Speaking to Catch, GFP's Vijai Sardesai, who won the election from Fatorda, said, “We will discuss it with our senior leadership and then declare our next move. It is not necessary that we go with the Congress, which betrayed us in 2012. In fact, on the four seats that we contested, the Congress acted as the BJP's B-team and wanted us to lose. We have not made any decision yet. If necessary, we are ready to sit in opposition. We are not hungry for power.”
Such remarks from GFP leaders, though, are seen as bargaining tactics.
The BJP won 13 seats in the state, the Maharashtrawadi Gomantak Party three and the Nationalist Congress Party one. Three independents won as well.
There is a possibility of the MGP too allying with the Congress. It was part of the Congress-led government in 2007. If that happens, the Congress will have a comfortable majority of 24 seats.
The Congress general secretary in charge of Goa, Digvijaya Singh said the party won't hesitate to approach “like-minded parties such the GFP” to form the government.
If it does cobble together a majority, the Congress would be faced with the tricky issue of choosing the chief minister. Four legislators are reportedly in the race for the job – state party chief Luizinho Faleiro and former chief ministers Ravi Naik, Digambar Kamat and Pratapsingh Rane. Faleiro is considered the frontrunner, not least for leading the party back to within touching distance of power.
Interestingly, the BJP received more votes than the Congress yet won fewer seats. Worse, its senior leaders, including outgoing chief minister Laxmikant Parsekar, and many of his ministers, lost.

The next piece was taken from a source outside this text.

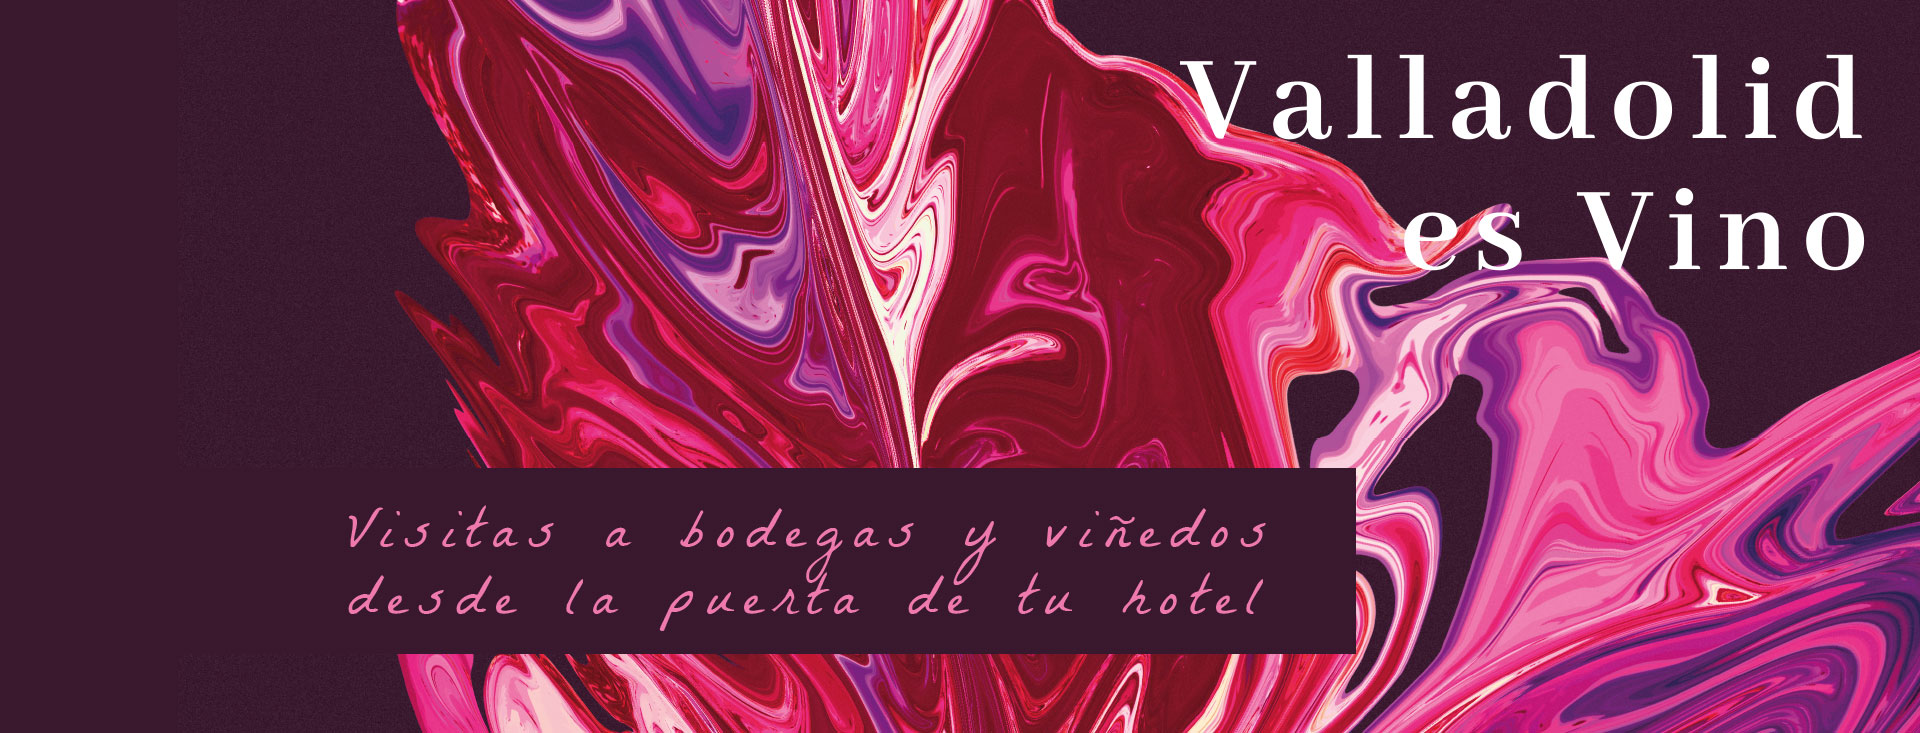 Valladolid es Vino

Reacting to the result, Parsekar said, “In the past five years, the BJP ran a stable government in Goa. But I accept the fractured mandate given by the people.”
Meanwhile, the Aam Aadmi Party's much talked about electoral debut in Goa was a disaster, with the party failing to win a single seat. It received only 57,420 votes, or about 6.3% of the total. Even the party's chief ministerial candidate Elvis Gomes could manage only the fourth position in Cuncolim.